Title
Usage Scenarios for Information Sharing in a Data Grid
Conference
The 7th Annual International Conference on Digital Government Research,
San Diego, May 21-24, 2006.
Tutorial Presenters
Reagan W. Moore, Richard Marciano, Arcot Rajasekar
San Diego Supercomputer Center
University of California at San Diego
{moore, marciano, sekar}@sdsc.edu
Short Description
Data Grids support shared collections that may be distributed across multiple institutions. Data Grids decouple the management of the shared collections from the storage systems, making it possible to logically organize existing data into a new collection. Data Grids support seamless access to the information, but unlike the web, provide certificate-based authentication, authorization through access controls and tickets, and audit trails to keep track of usage.

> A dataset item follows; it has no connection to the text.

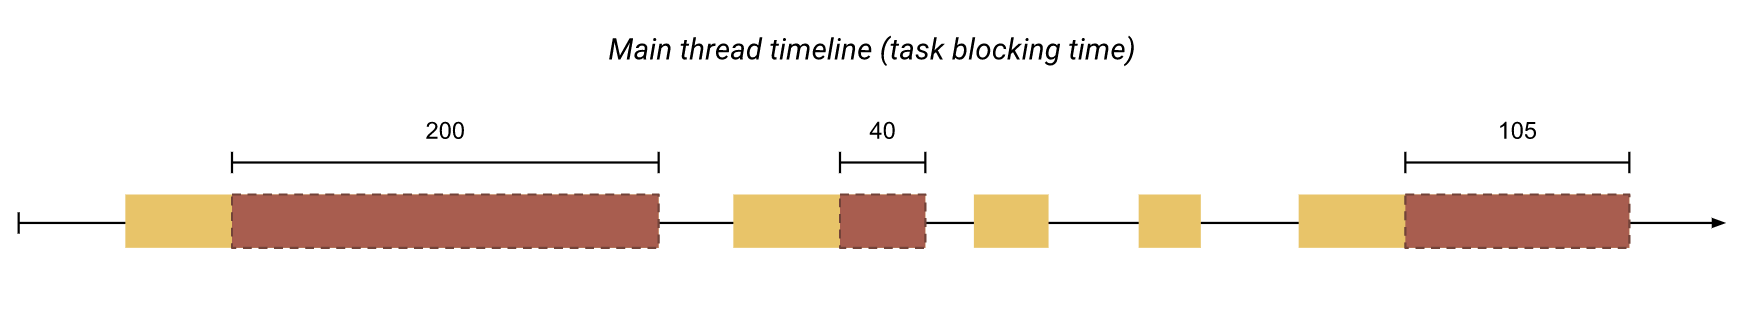 Total blocking time image

Moreover, discovery of relevant files are facilitated through associated metadata. Data grids provide rich formats for organizing metadata including attribute-value pairs, relational schemas, and semi-structured XML-based metadata. Moreover, one can store system-level metadata and provenance metadata to keep track of the evolution and by products of the collections that one is sharing.
Target and Goals
Any group that manages distributed data will profit from the tutorial, which will provide the basic information needed to design and implement a shared collection that spans multiple storage systems and administrative domains. The shared collections can be used to implement data grids for sharing data, digital libraries for publishing data, and persistent archives for preserving data.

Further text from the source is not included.